Lawmakers probe tax evasion by Multichoice, warn buyers

Multichoice
FILES] Multichoice office

House of Representatives, yesterday, said it would probe alleged non-remittance of tax revenues amounting to N1.8 trillion and $342 million to the Federal Government by Multichoice.

The House said the investigation became necessary following suppression of information discovered from the submissions in the company’s home country, South Africa.

This followed the adoption of a motion moved by Sa’idu Abdullahi at the plenary.


Presenting the motion, Abdullahi said  Multichoice, a prominent multinational corporation operating in Nigeria, had been accused of non-remittance of tax revenues due to the Federal Government, as evidenced by the suppression of information.

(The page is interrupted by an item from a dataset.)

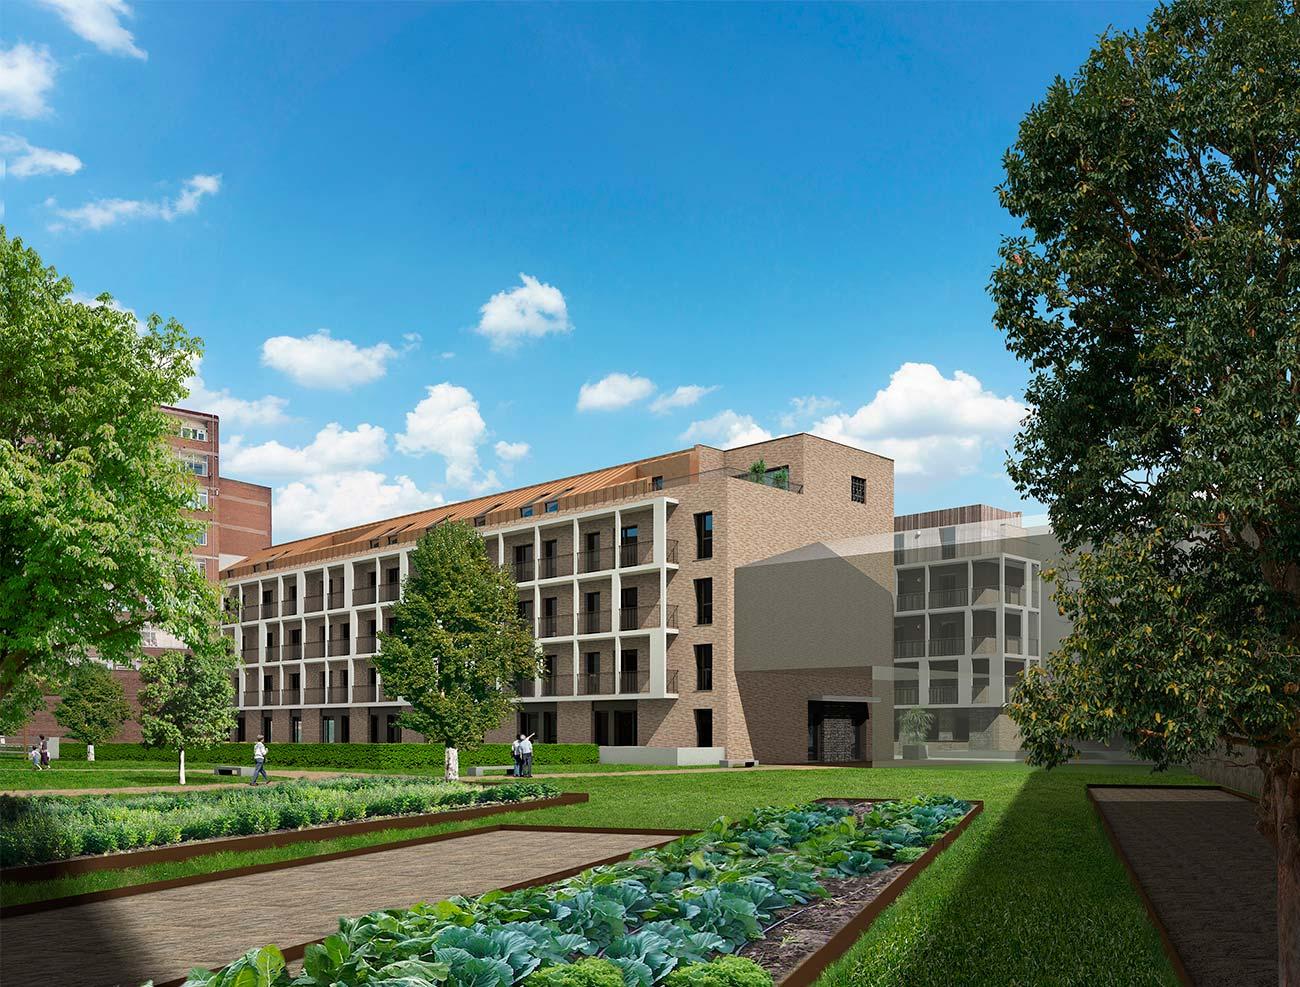 allegra-magna-san-quirce-residencial-vista-exterior-huerto-jardin

Abdullahi said: “The Federal Inland Revenue Service had engaged a consultant in 2021 under a whistle-blowing contract to carry out an audit of the tax obligations of Multichoice Nigeria and MultiChoice Africa with a view to ascertaining the company’s tax indebtedness to the country. Their findings led to a back audit and investigation carried out by the FIRS from 2011 to 2020.”


“Previous attempts by FIRS to recover the unpaid taxes through legal means, including court proceedings and the subsequent resolution to settle out of the court by both parties, have not yielded the desired result.

“The systems audit and investigation revealed enormous indebtedness to the tune of over N1.8 trillion in back total taxes for MultiChoice Nigeria, and $342 million in Value-added tax, for MultiChoice Africa that had never paid any taxes since they started business operations in Nigeria. Both amounts were levied upon the Multichoice Group by the FIRS.”

The House adopted the motion and cautioned potential buyers of Multichoice Nigeria, Multichoice Africa or other subsidiaries of the Multichoice Group operating in Nigeria to be aware of the alleged outstanding indebtedness which may have been covered in their papers.